After reading Exodus 17:1-17 (and Psalm 95 at the same time), the following question kept milling around in my head: Why does the author place so much emphasis on the negative reactions of Israel?

The essence of the story is supposed to be the miracle that God performs when He makes water flow from a rock (17:6). But the story has been recorded in the annals because of the events that took place at Massah and Meribah. There where Israel quarrelled with Moses and tried God’s patience to the limit.

In retrospect it may seem as if Israel’s rebelliousness overshadowed God’s gracious intervention!

In the light of all this, the serious warning of Psalm 95, not to be stubborn like Israel at Massah and Meribah (verse 8), is indeed necessary.

We may encounter “desert experiences” (hardship, illness, loss, etc.) in various ways. Whole communities may, in a manner of speaking, end up in the desert of suffering. For example: when the aids pandemic’s impact reaches alarming proportions.

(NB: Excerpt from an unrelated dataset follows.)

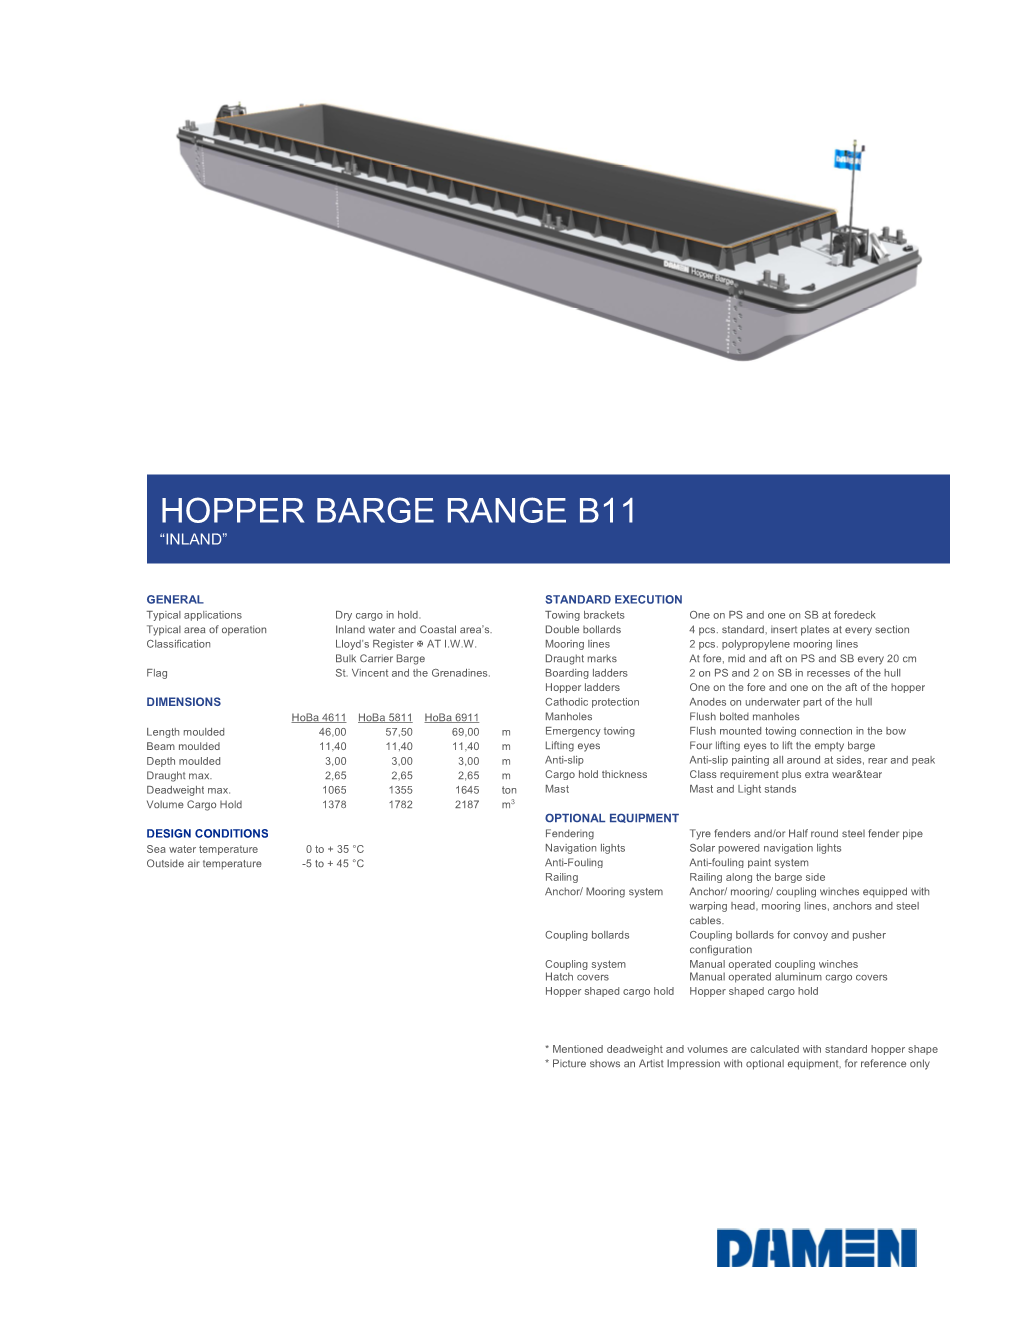 Hopper Barge Range B11 “Inland”

When Paul writes in Romans 5:3-4, “… we also rejoice in our sufferings, because we know that suffering produces perseverance; perseverance, character; and character, hope”, he is not describing a natural process. The story of Massah and Meribah is the natural course of events. When suffering produces perseverance and leads to faith and hope, it is a process of mercy and grace. And this is something that only the Holy Spirit can produce in our lives (comp Rom 5:5).

When, during Lent, the congregation remembers the suffering of Israel in the desert at Massah and Meribah, it should bring us to a deeper understanding of and sensitivity towards the suffering of others.

Through the suffering (Jesus also encountered the desert “for us”), crucifixion and resurrection of Christ his followers are inspired – by the love that the Holy Spirit pours out – to become involved with people in their suffering. Only then the natural process leading to Massah and Meribah can be reversed into a process of mercy that leads to perseverance, faith and hope.